Gross domestic product may shrink 0.8 percent next year, compared with an earlier estimate of 1.2 percent growth, Vedev said. The forecasts are still preliminary and don’t reflect the government’s unified position, Finance Minister Anton Siluanov told reporters in Moscow.

The revised outlook shows the toll on economic output of Russia’s worst confrontation with the U.S. and its allies since the Cold War. GDP will probably shrink or show zero growth this quarter and decline in the next three months on an annual basis, Vedev said.

A recession is usually defined as two consecutive quarters of contraction on a quarterly basis.

In the latest sign of the pressures facing the government, it agreed to channel aid to Gazprombank from the National Wellbeing Fund, one of Russia’s two sovereign wealth funds with $80 billion in assets. That follows decisions to help state-owned lenders VTB Group and Russian Agricultural Bank bolster their capital by allowing them to convert loans worth 239 billion rubles into preferred shares. Profits have plunged as banks increase provisions for bad loans amid a slowing economy and the decline in the ruble.

‘Get Through’

“We will get through this situation,” said Sergey Dubinin, chairman of VTB’s supervisory board who led the central bank in 1998 during the government’s debt default. The free-floating ruble and higher borrowing costs are a “bad combination” for the Russian economy, he said at an event in London today.

The Bank of Russia shifted to a free-floating exchange rate ahead of schedule last month after its rules-based interventions drained billions from its currency reserves. Policy makers have also raised their main interest rate four times by a cumulative 400 basis points since March to rein in inflation.

The ruble has weakened almost 30 percent against the dollar in the past three months, the worst performer among more than 170 currencies tracked by Bloomberg. It extended declines today and traded 5.1 percent weaker at 53.8060 per dollar as of 6:36 p.m. in Moscow.

Ukraine Standoff

Russia has been targeted by U.S. and EU sanctions, with the penalties curbing access to global capital markets and stoking outflows. Putin denies involvement in the unrest, which began after he annexed the Black Sea peninsula of Crimea in March.

Net capital outflows are set to surge to $125 billion in 2014, more than the $100 billion predicted earlier, according to Vedev. That would be the highest annual total since 2008, when $133.6 billion left the country, according to central bank data. The Economy Ministry projects outflows will slow to $90 billion in 2015 as sanctions will remain in place throughout the year.

Russia needs Brent, the grade of oil traders look at for pricing Russia’s main export blend, to average about $100 this year to balance its budget, Deutsche Bank AG estimates.

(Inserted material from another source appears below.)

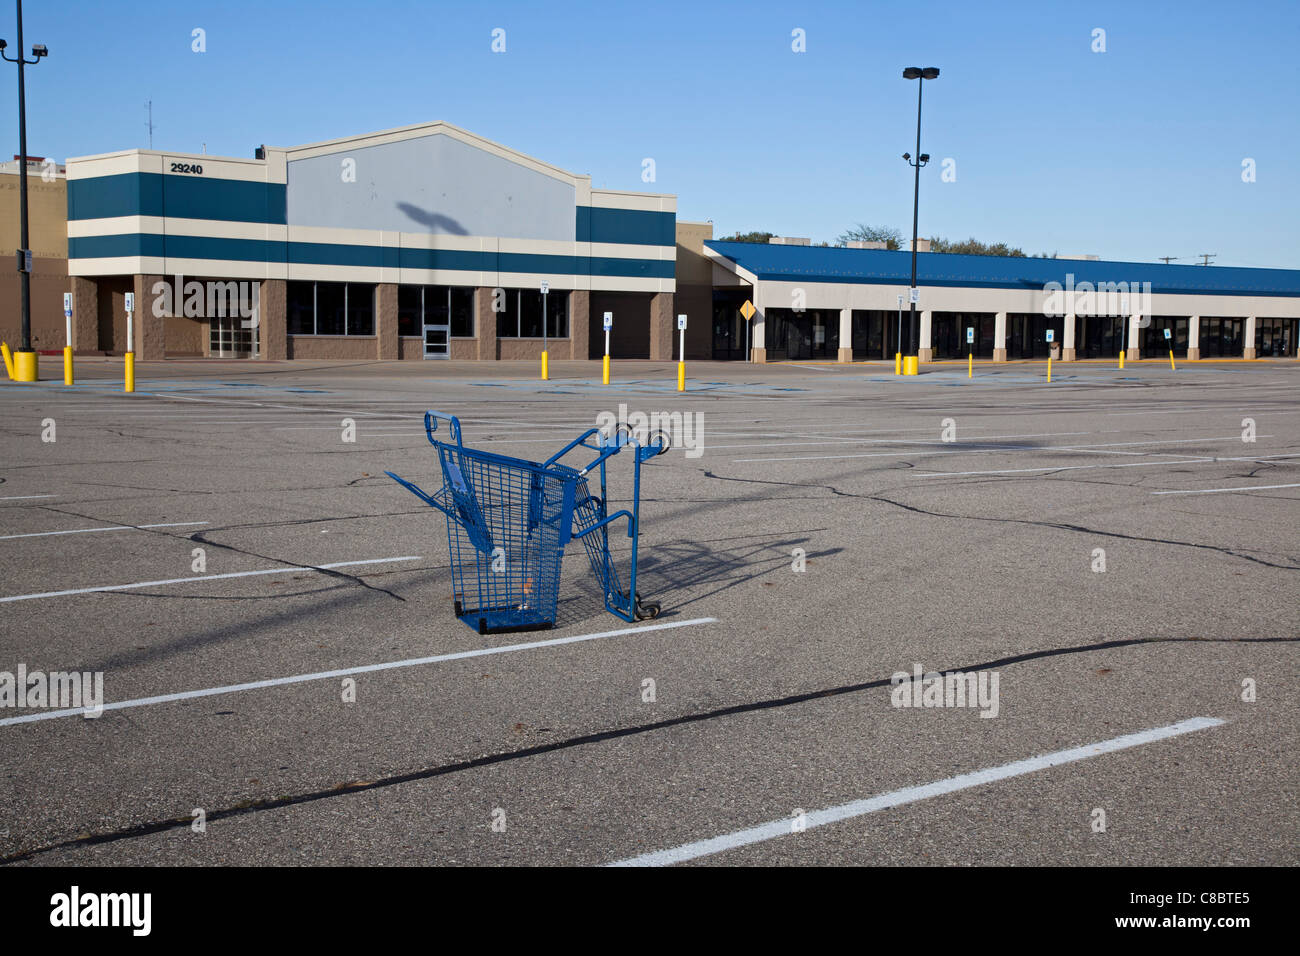 Warren, Michigan - un carrello della spesa è la sola cosa in un parcheggio ad una maggior parte vacante shopping centre, precedentemente ancorato da Wal-Mart. La disoccupazione in Michigan è al 11,2 percento, al di sopra del tasso nazionale di 9.1 per cento. Foto Stock

Brent crude today slid 0.7 percent to $72.06 after yesterday’s 3.4 percent rally.

Budget Financing

Russia may use more than 500 billion rubles from the $88.9 billion Reserve Fund to finance the budget next year, said Maxim Oreshkin, head of the Finance Ministry’s strategic planning department. GDP forecasts of the ministries of finance and economy coincide for next year under the Finance Ministry’s “optimistic” scenario, which assumes an $80 oil price, Oreshkin said.

Inflation will end the year at 9 percent in 2014 and slow to 7.5 percent at end-2015, Vedev said. The ruble’s devaluation will contribute 2.4 percentage points to consumer-price growth this year and 3.2 percentage points in 2015, he said. Inflation accelerated to 8.3 percent in October, the fastest since July 2011.

Retail sales, which were predicted to grow 0.6 percent next year, may instead plunge 3.8 percent, according to Vedev. Unemployment may rise to 6.4 percent in 2015, more than predicted earlier, and real wages will probably shrink 3.9 percent, he said.

“Some very strong factors have already done the damage for GDP growth next year,” Vladimir Miklashevsky, a strategist at Danske Bank A/S, said by phone. “Extremely tight monetary policy by the central bank, capital outflows, the weakening of the ruble, and sanctions are contributing to accelerated inflation and the cost of capital.”

(An earlier version of this story was corrected to fix the time since Russia’s last recession.)